The Pornographic Revelations
The most shocking revelation from the sketchbooks comes from Turner's explicit private drawings. The documentary reveals that during his wild, unhappy youth, Turner produced a substantial collection of pencilled pornography featuring sexual organs in startling detail, with other elements rendered as hastily sketched blurs.
Later in life, when Turner found happiness with Margate landlady Sophia Booth, his erotic drawings evolved significantly. The explicit content remained, but the depictions became more tender, with naked figures appearing as fully rounded humans rather than merely sexual forms.
This intimate glimpse into Turner's personal development provides insights completely absent from his famous public works like The Fighting Temeraire, no matter how closely one studies them.

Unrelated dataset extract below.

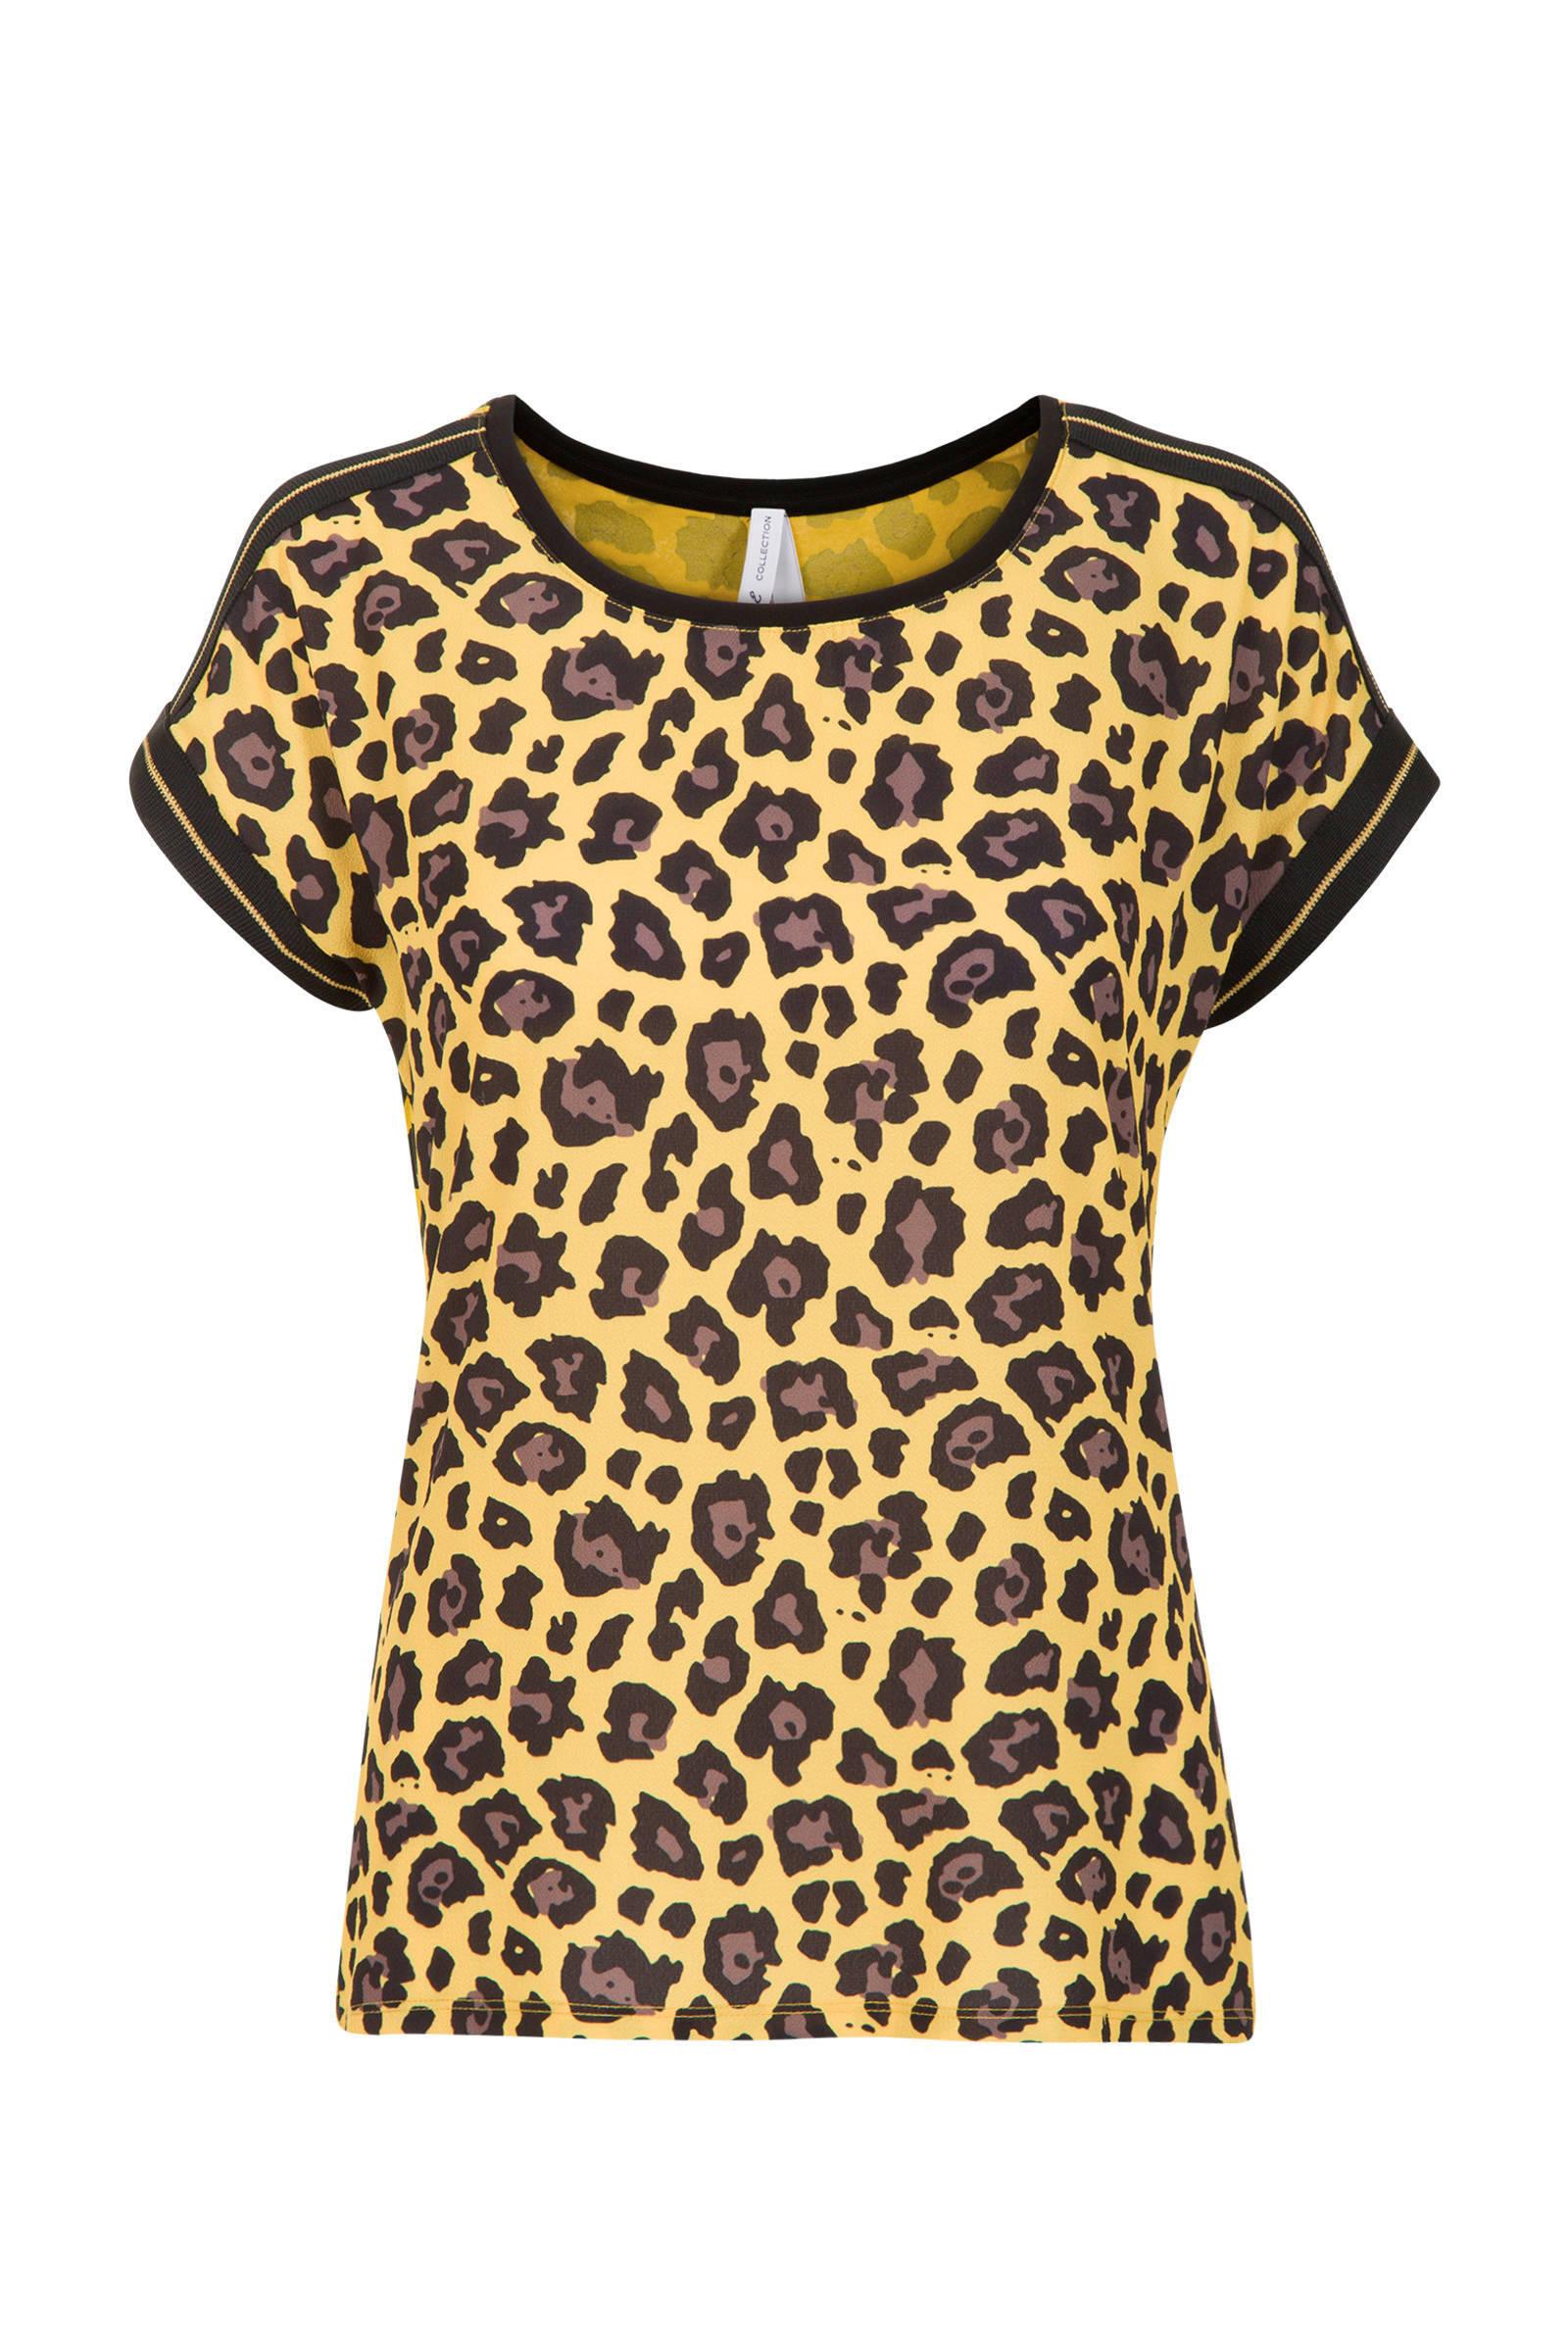 7ccb5a333541c2 T Bezorging Tops Gratis Bij Dames Shirtsamp  Wehkamp Vanaf 20 WEIbH92eDY

The sketchbooks also reveal Turner's practical concerns, showing how the artist from working-class roots used his notebooks not just for drawing but for financial planning, including strategies for reducing prices of unsold paintings—a concern wealthier, establishment artists wouldn't have shared.
Contemporary Relevance and Environmental Awareness
The documentary identifies striking contemporary relevance in Turner's later work, particularly his understanding of human impact on the environment. While he didn't conceptualise climate change as we do today, Turner recognised that the Industrial Revolution represented a human-made force powerful enough to taint nature's sublime beauty.

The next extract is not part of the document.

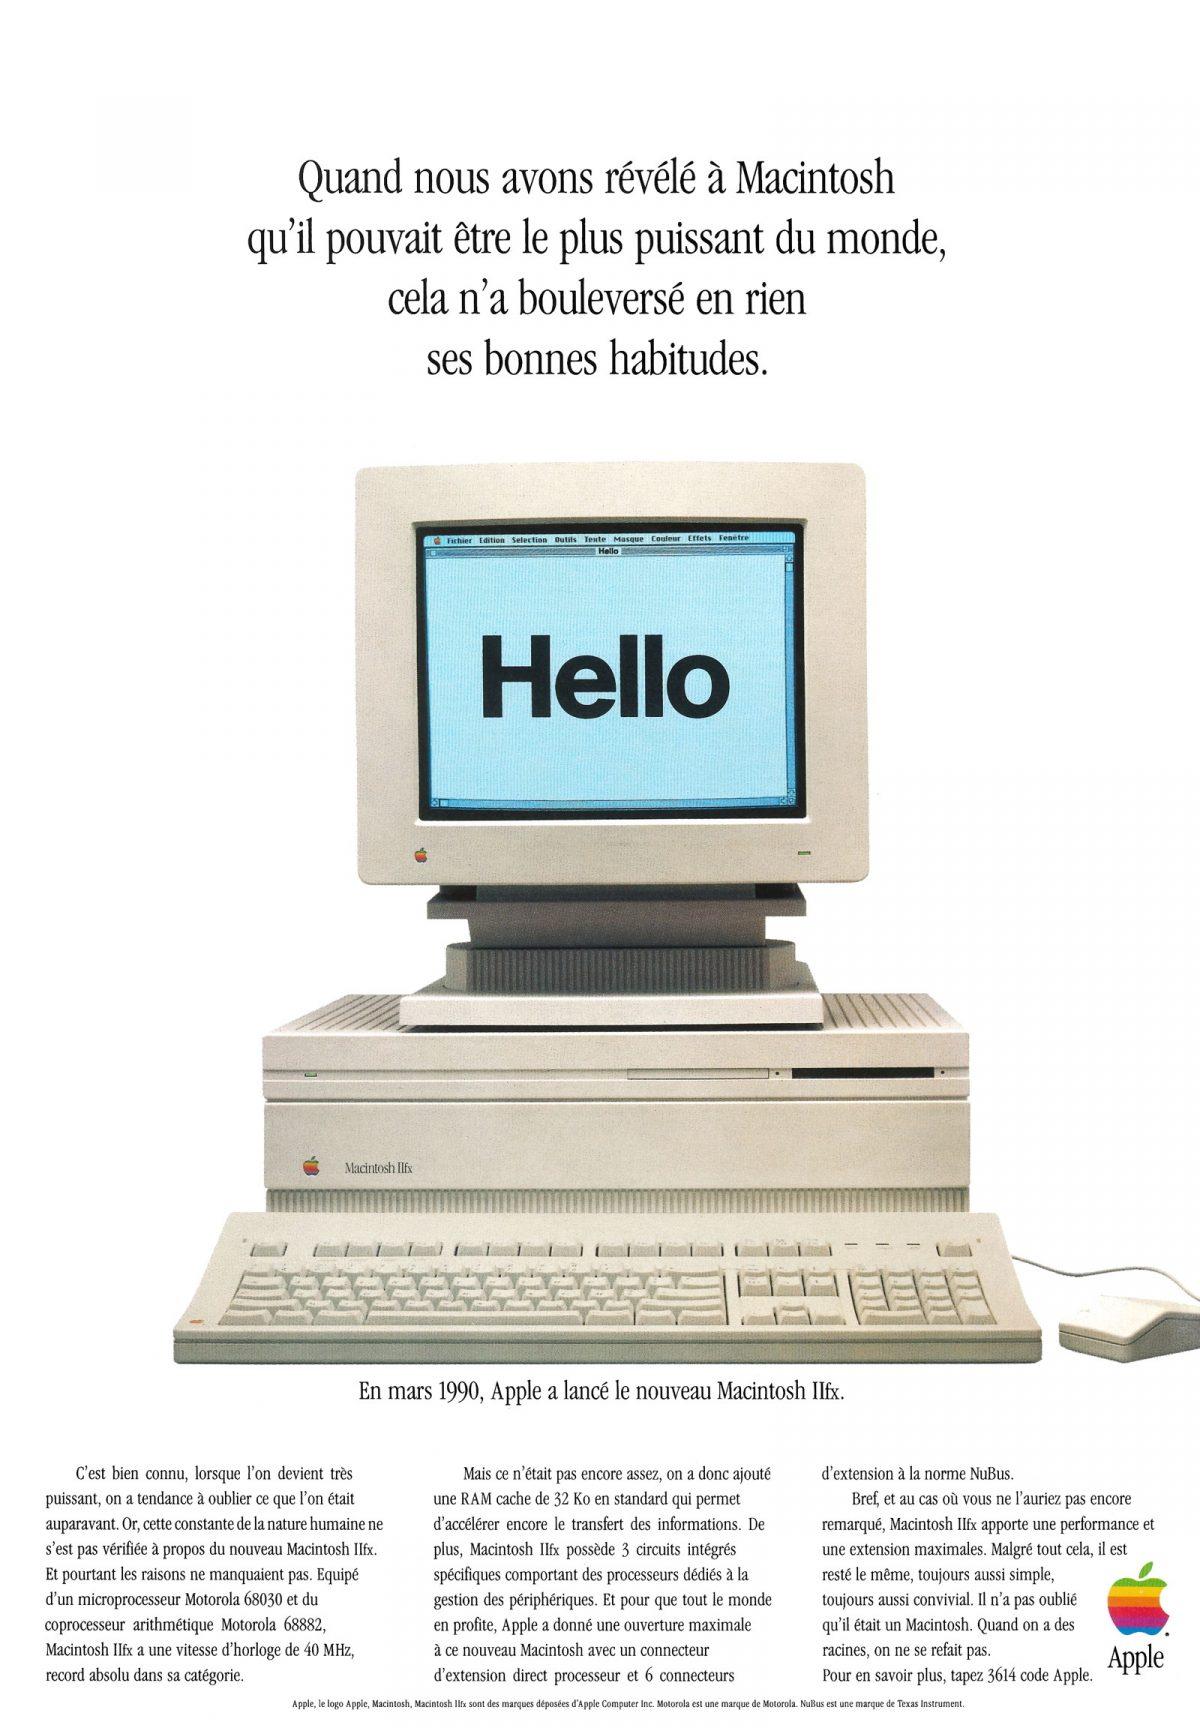 Apple Macintosh IIfx ad

Chris Packham, emerging as the documentary's standout contributor, observes: "This is where we start to brutalise nature... what was his final mission with those paintings? Was he saying, progress at your peril?"
Though some celebrity contributions prove less enlightening—Ronnie Wood's commentary on Turner's 1806 masterpiece Fall of the Rhine at Schaffhausen as "the epitome of drama. It's very dramatic" likely won't see the Tate commissioning him for exhibition pamphlets—the inclusion of diverse voices adds valuable perspectives.
Packham's enthusiasm for how Turner's Alpine travels transformed his perception of nature proves particularly illuminating: "He's enthralled by that rawness of nature, its uncontrollability, its supreme power, and before it our imperceptible nothingness. This defined the sublime for him."
The documentary successfully balances accessibility with analytical depth, serving both Turner novices and experts while potentially inspiring viewers to visit Turner exhibitions with fresh eyes.
Turner: The Secret Sketchbooks aired on BBC Two and is currently available on BBC iPlayer.